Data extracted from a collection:

══════════════════════════════

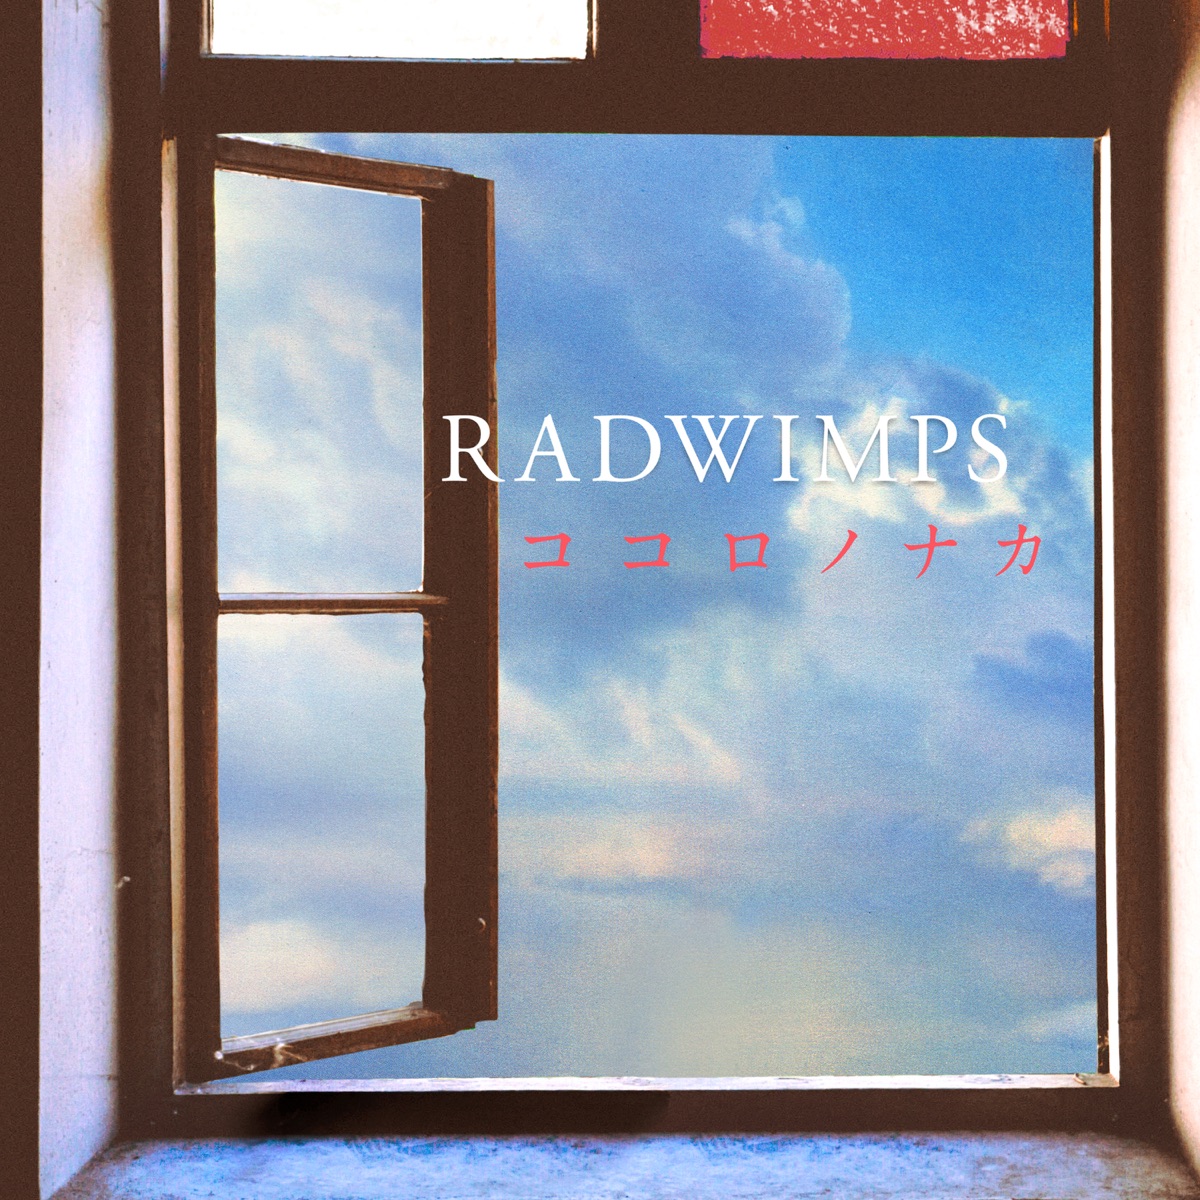 Cover art for『RADWIMPS - Cocorononaca』from the release『Kokoro no Naka』
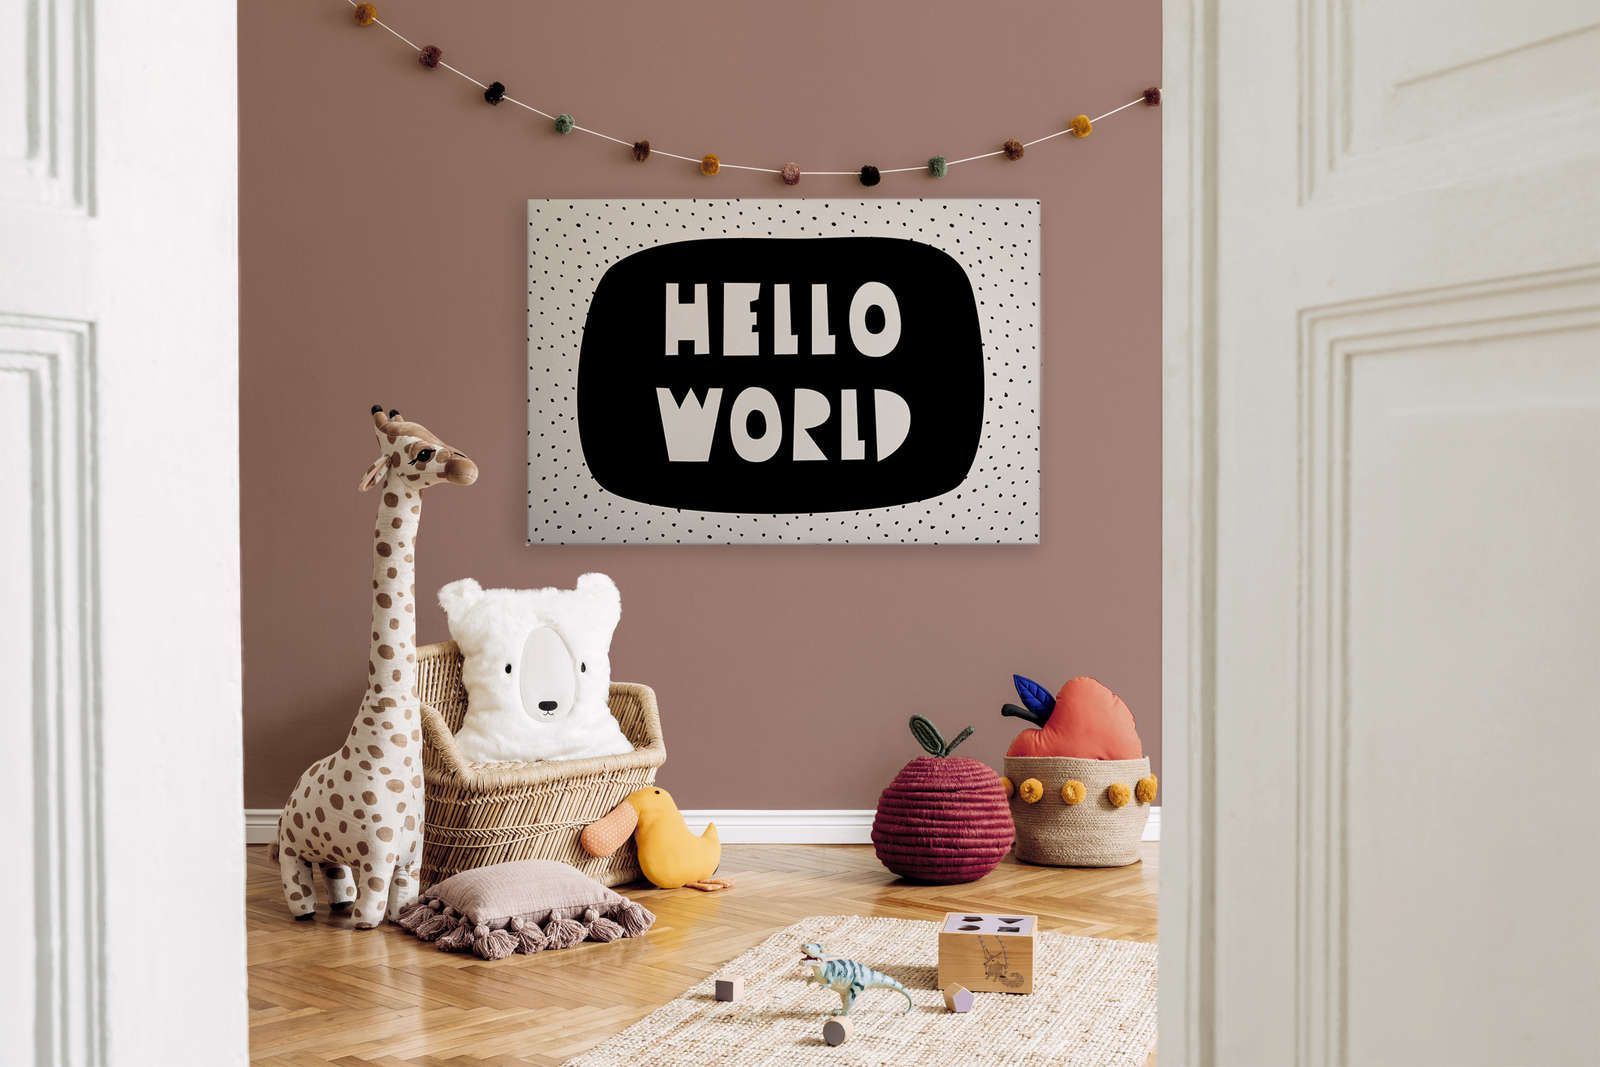             Leinwand fürs Kinderzimmer mit Schriftzug "Hello World" – 120 cm x 80 cm
        
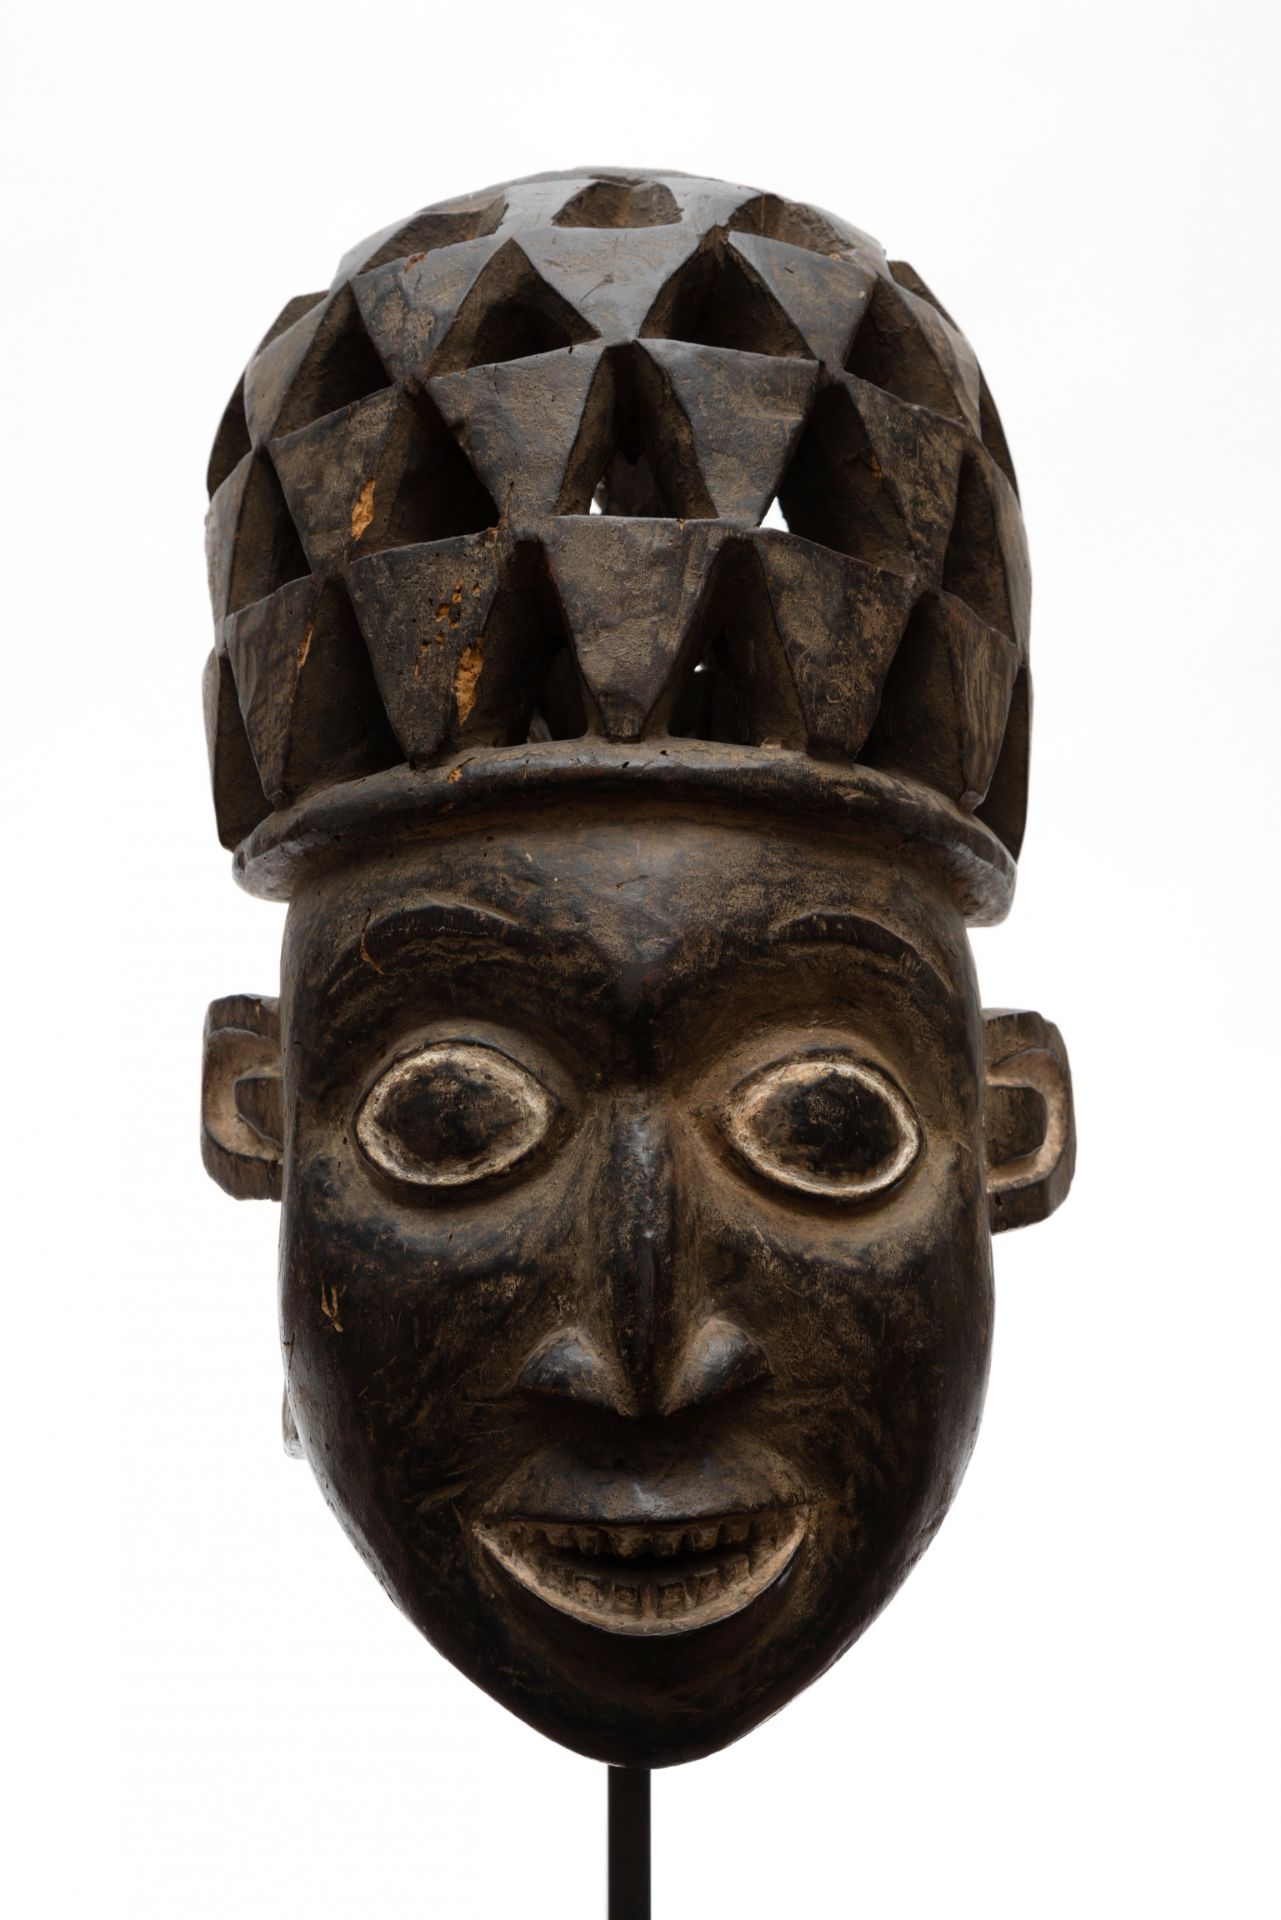 Cameroon, Grasslands, Bamileke, helmet mask, - Image 3 of 8
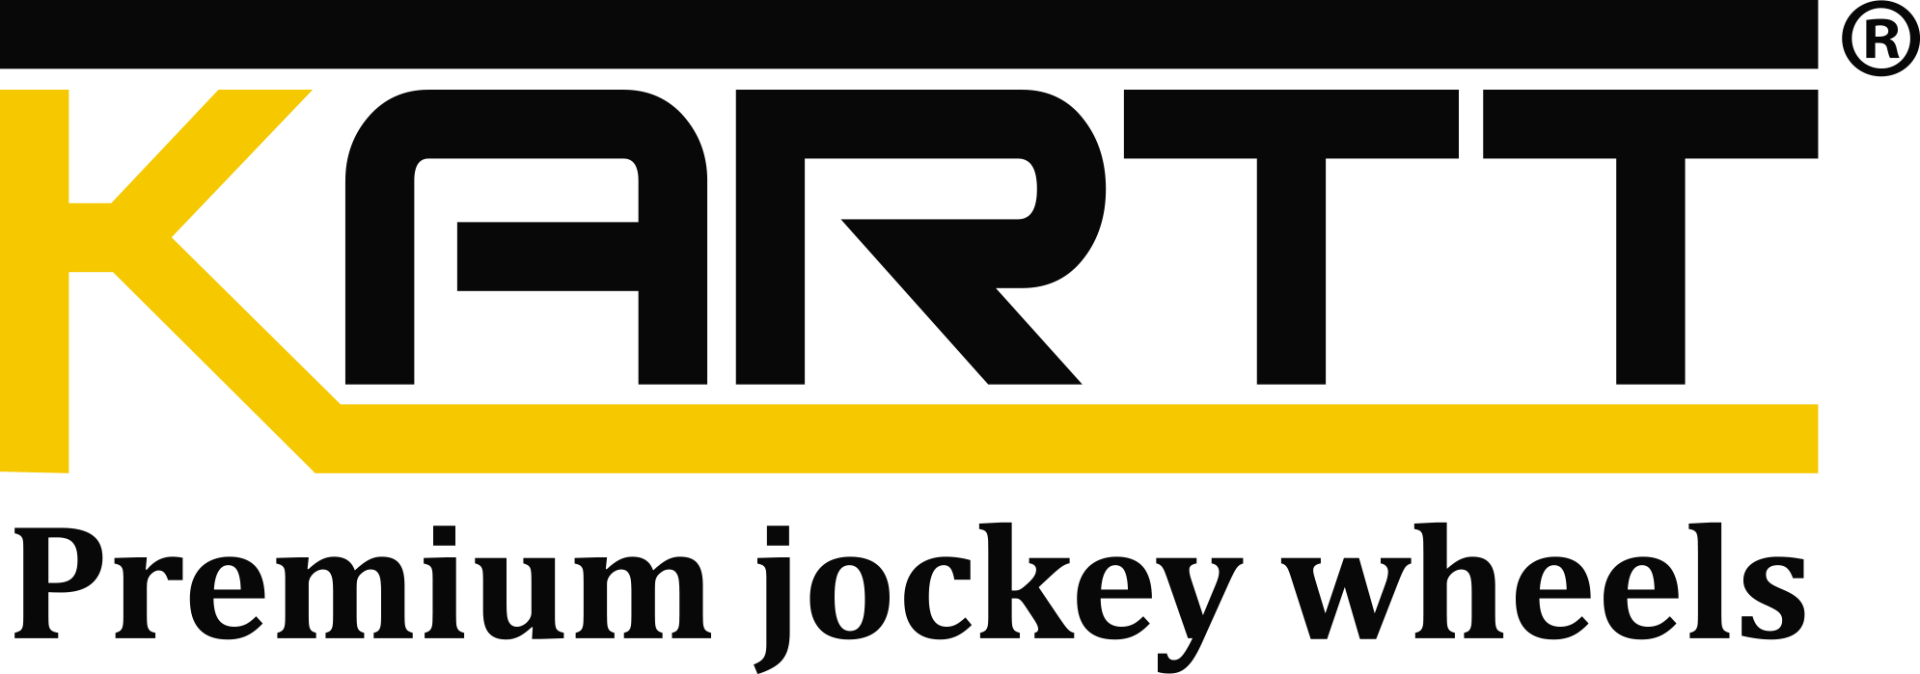 Caravan Jockey Wheel by Kartt and The Caravan and Motorhome Club
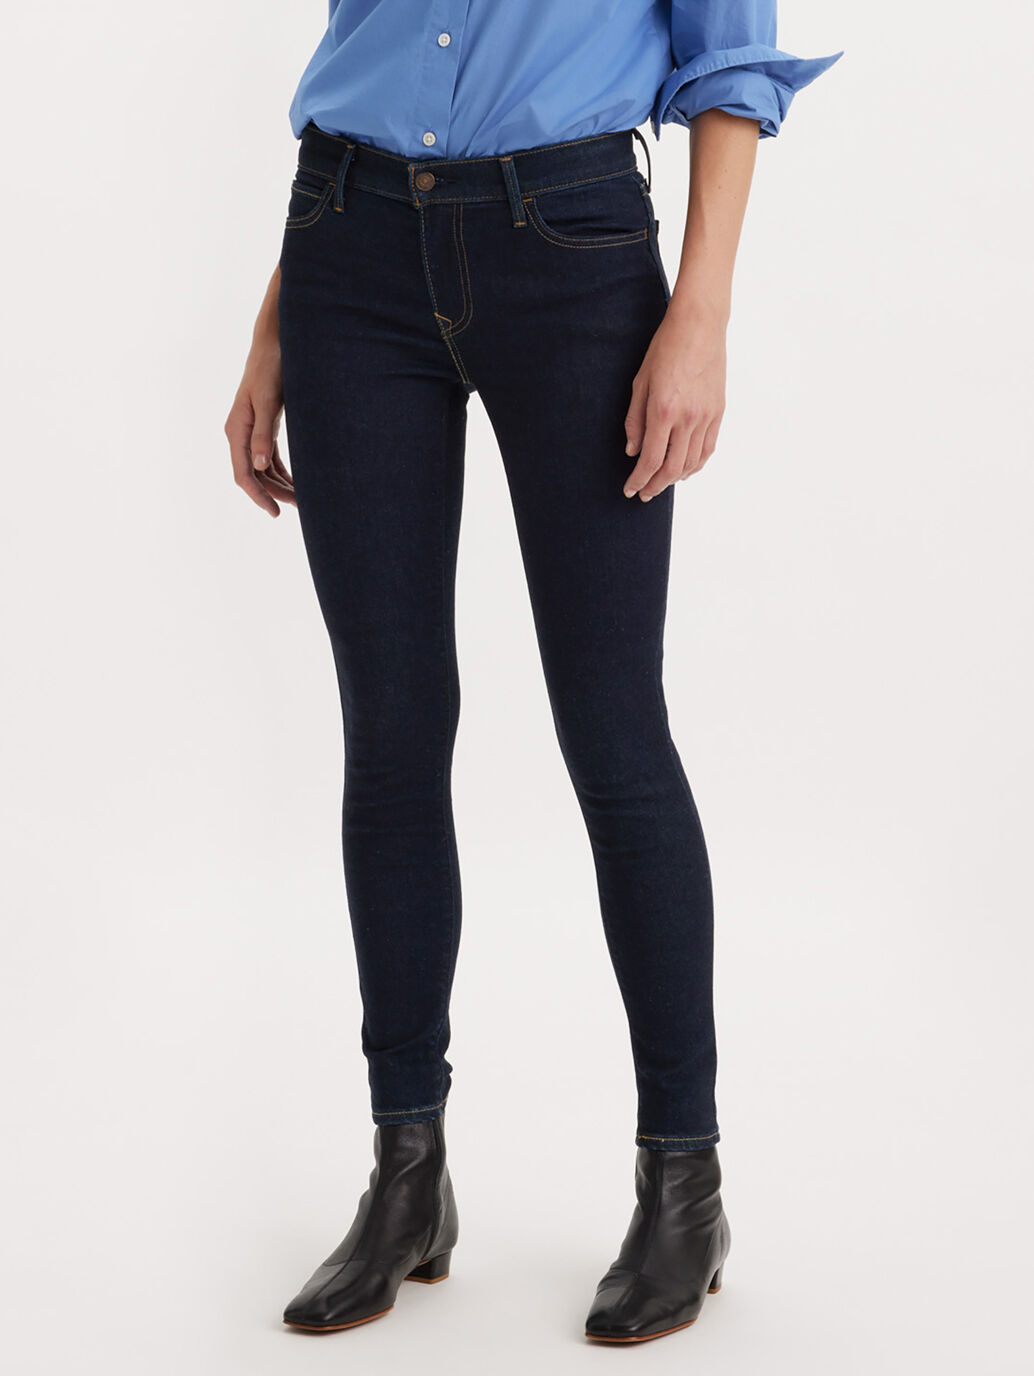 Levi’s® Women's 710 Mid-Rise Super Skinny Jeans - Don't Let It Go

══════════════════════════════

What you need to do: Your output should consist solely of the lines from the line containing "Leinwand fürs Kinderzimmer" through the end of the data above, copied exactly, with images removed.

Written answer:
             Leinwand fürs Kinderzimmer mit Schriftzug "Hello World" – 120 cm x 80 cm
        
 Cameroon, Grasslands, Bamileke, helmet mask, - Image 3 of 8
 Caravan Jockey Wheel by Kartt and The Caravan and Motorhome Club
 Levi’s® Women's 710 Mid-Rise Super Skinny Jeans - Don't Let It Go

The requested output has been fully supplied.